WHAT IS REQUIRED: Make an exact transcript of the lines in the data below, starting with the one containing "diy-kitchen-renovation-before-after-setarra" and going on through the one containing "Crop sweater 1", with both included and the pictures left out.

RAW DATA:
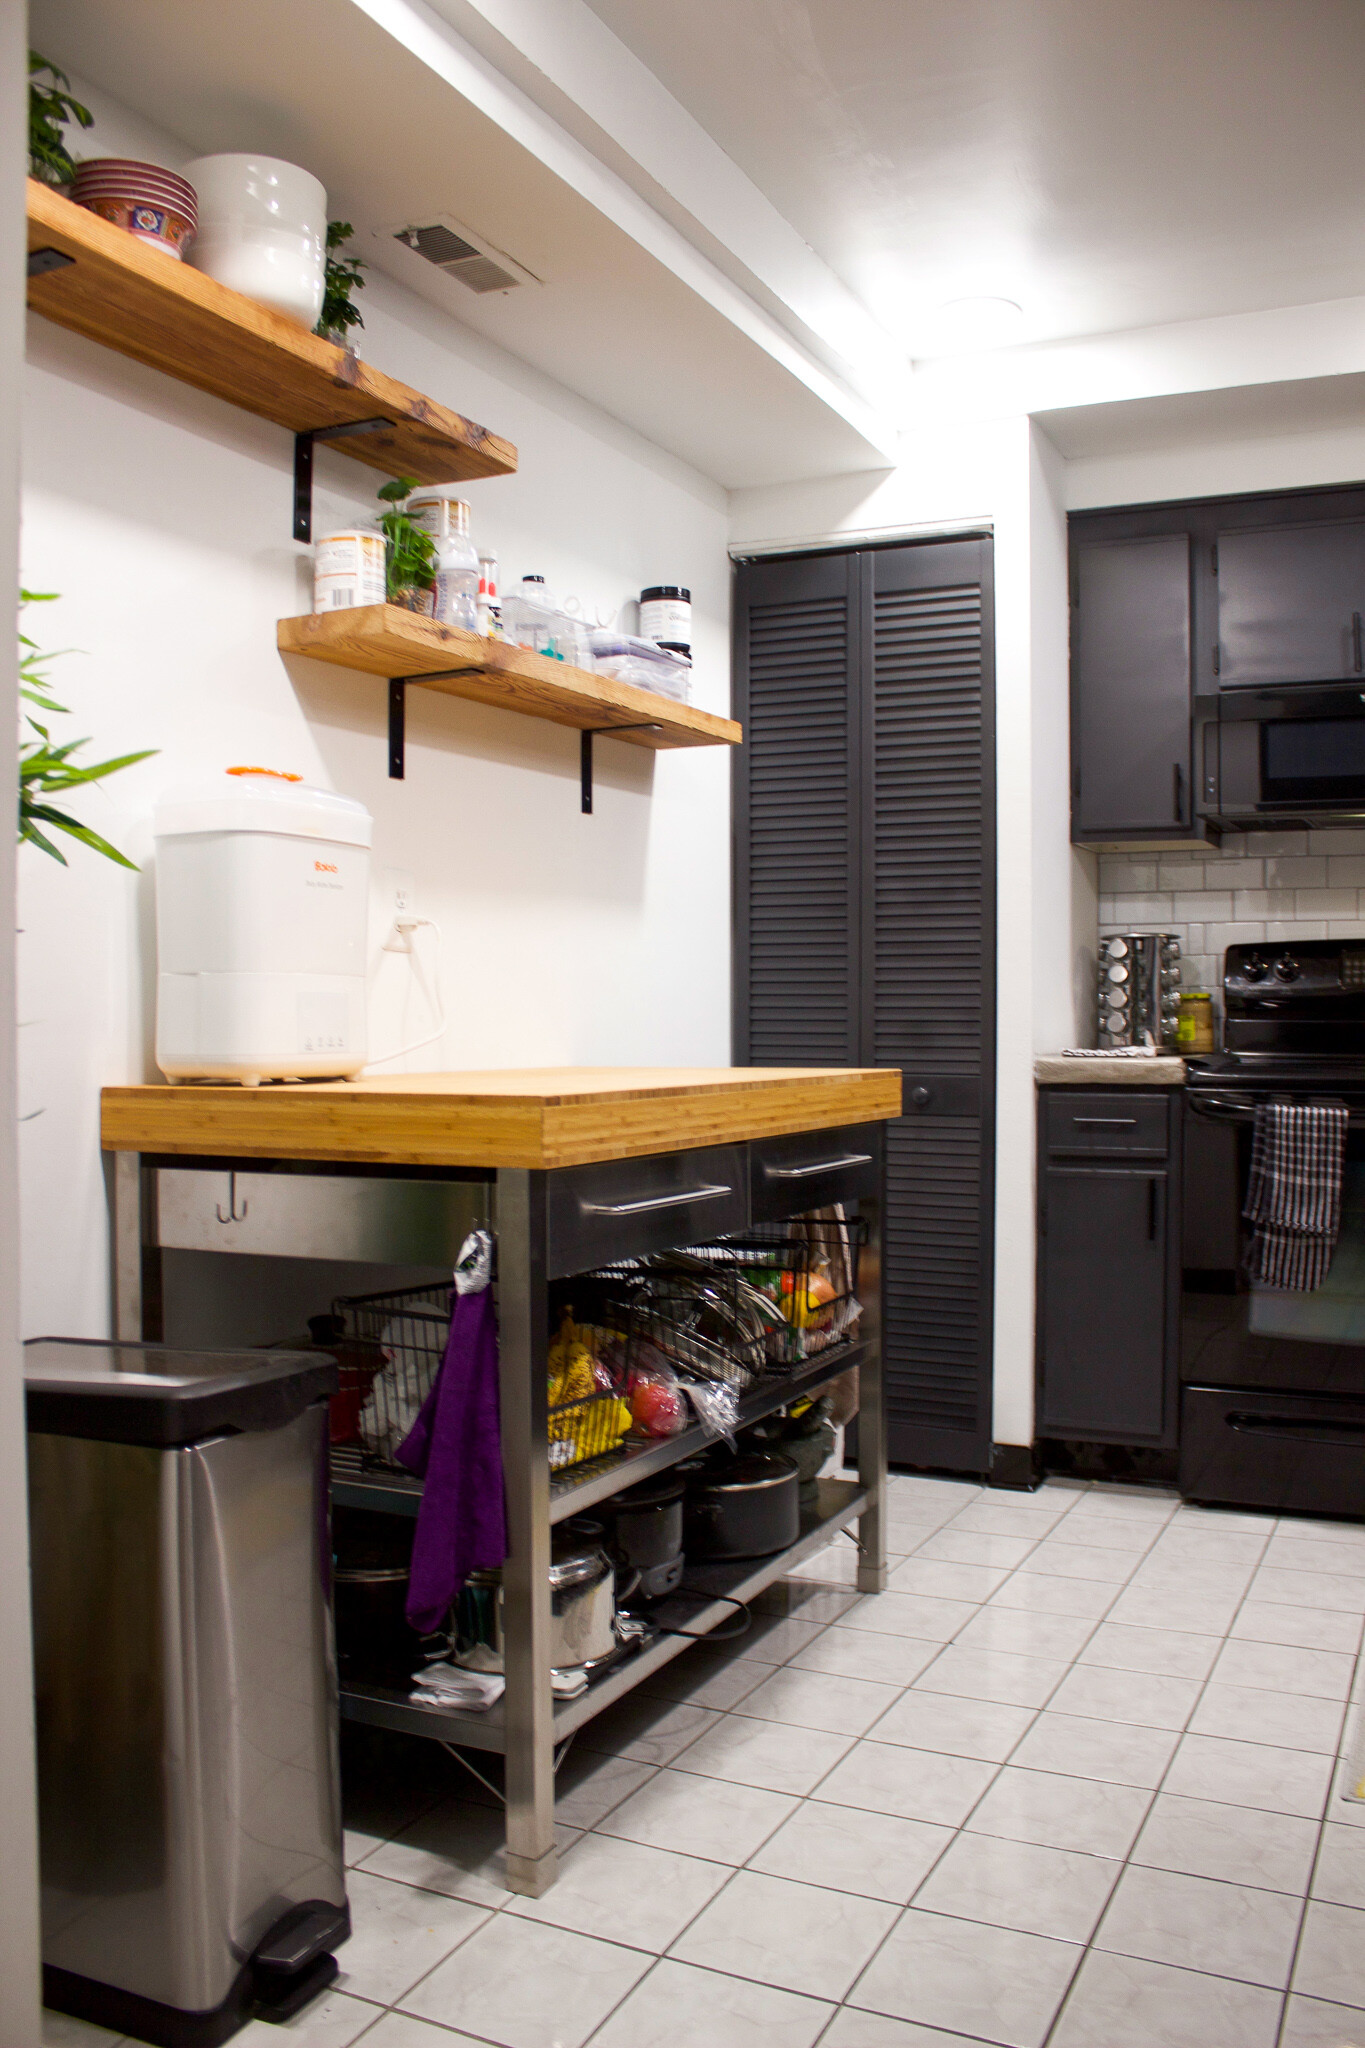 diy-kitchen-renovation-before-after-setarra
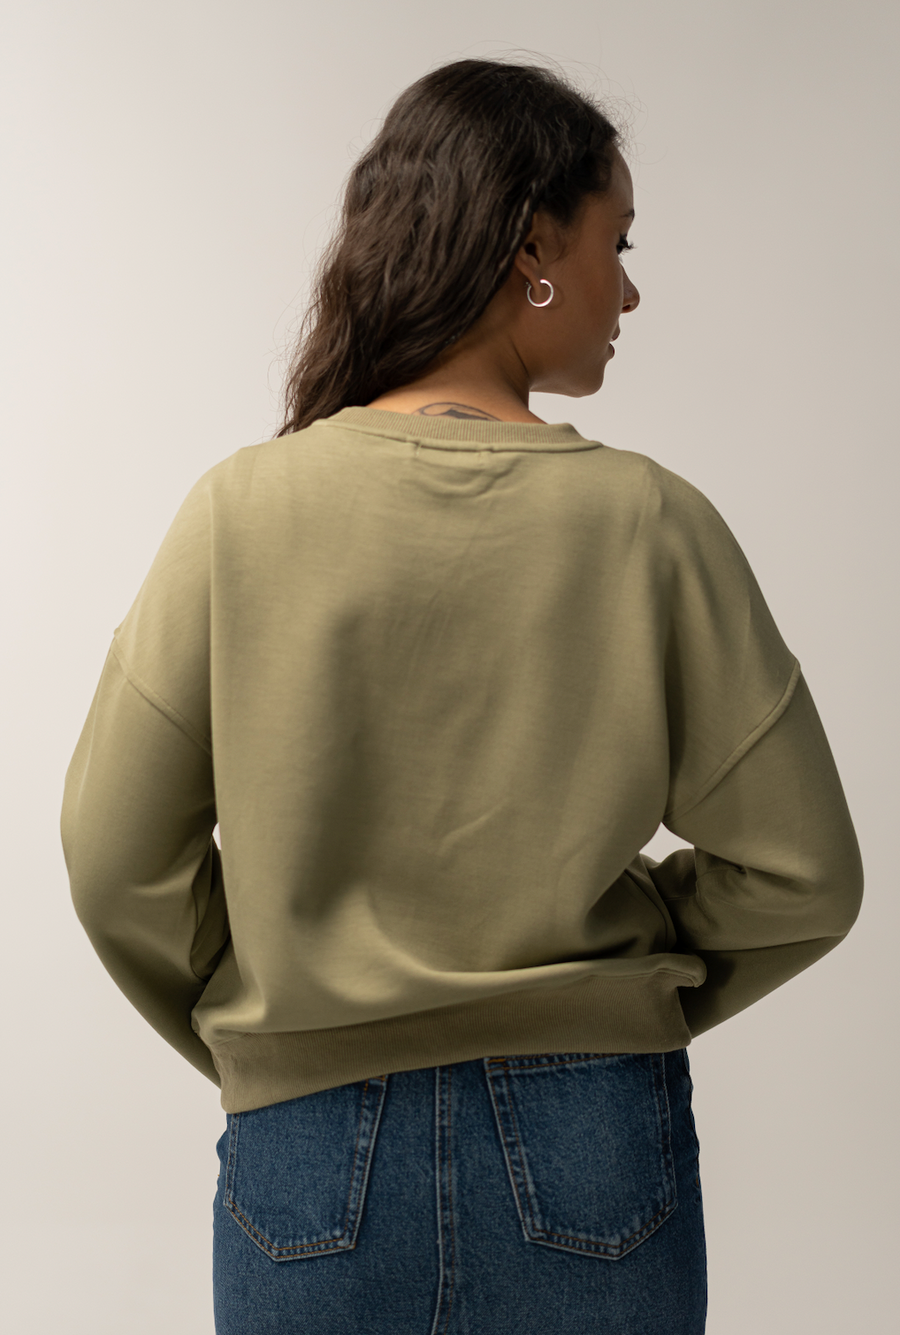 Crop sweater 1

* * *

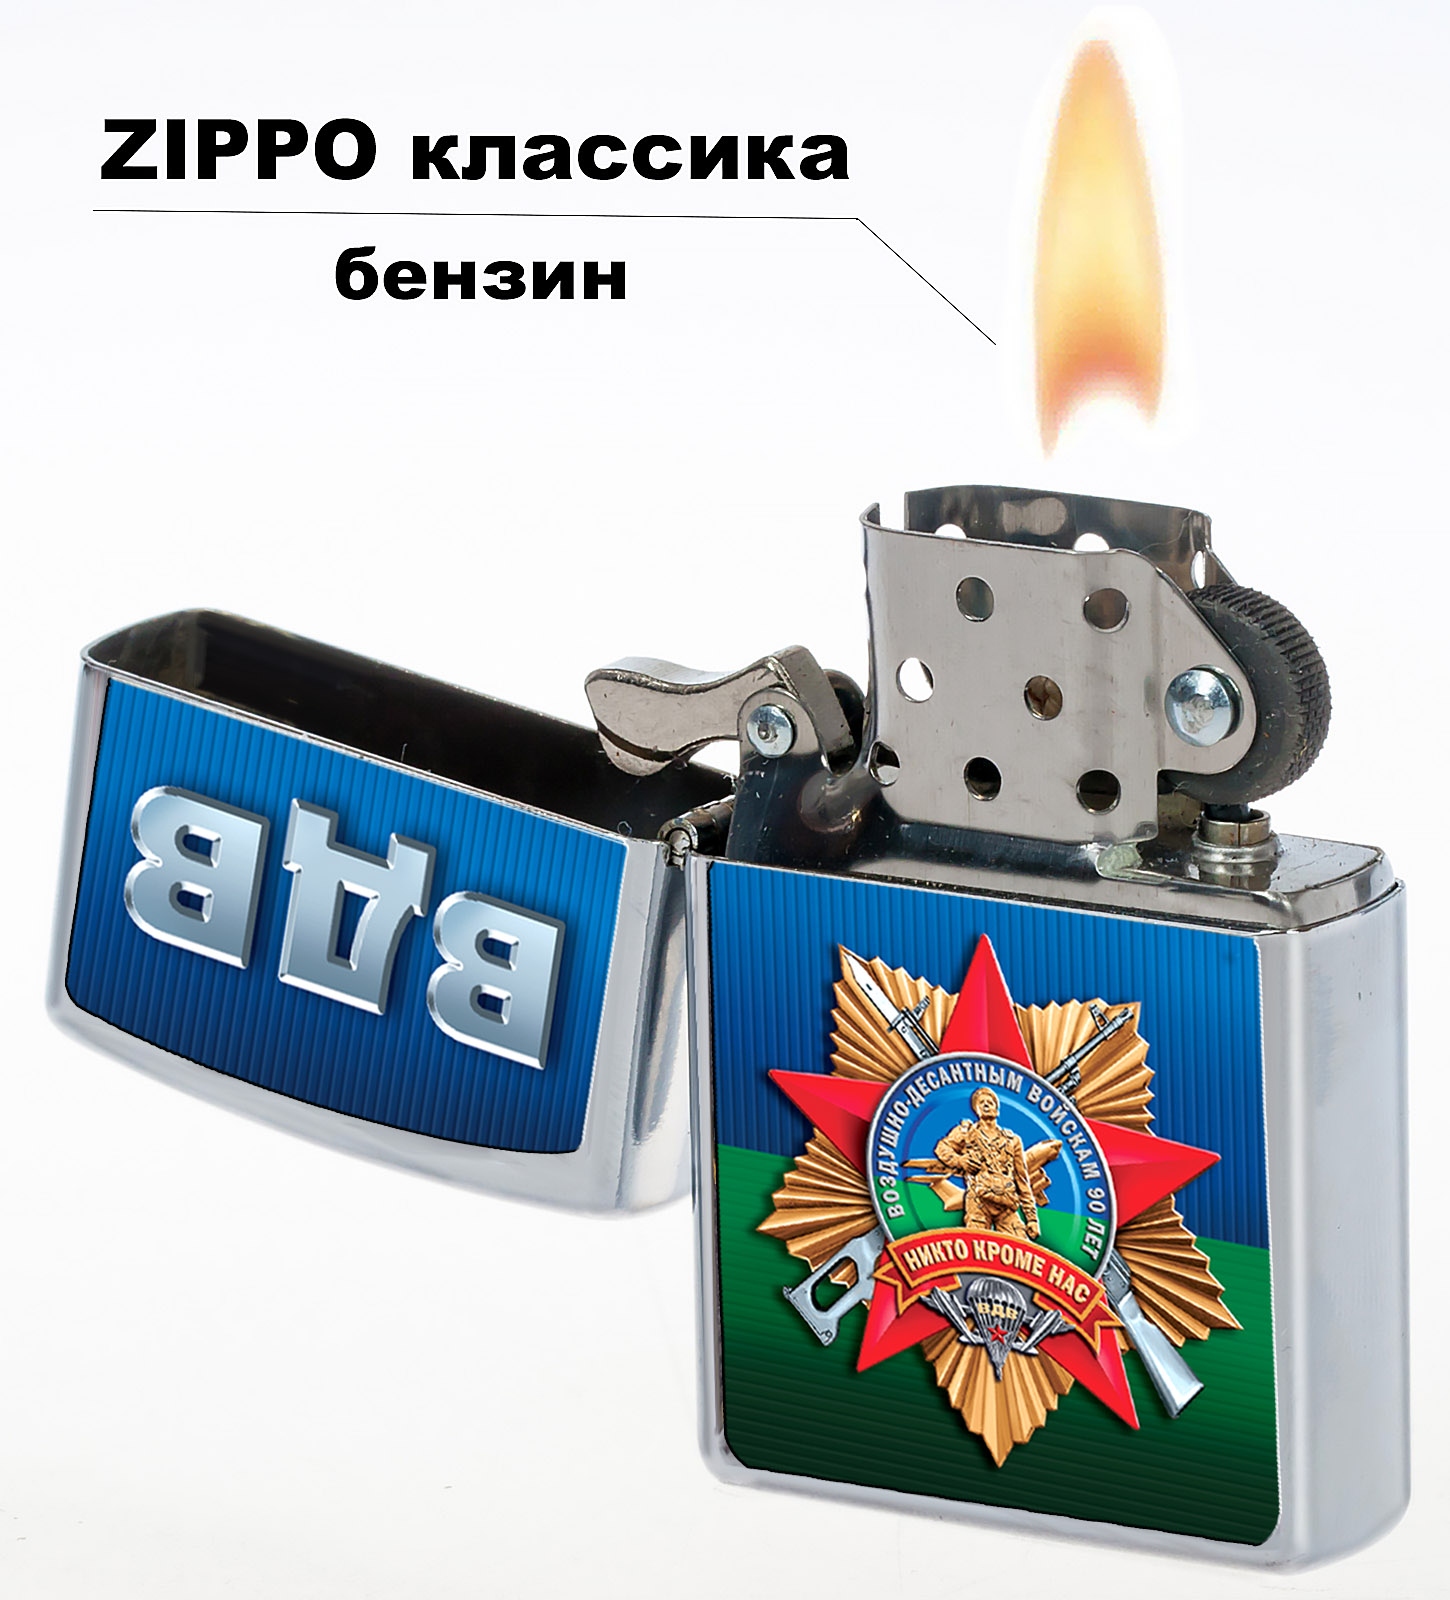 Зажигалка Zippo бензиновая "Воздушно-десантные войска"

ANSWER SPACE:
 diy-kitchen-renovation-before-after-setarra
 Crop sweater 1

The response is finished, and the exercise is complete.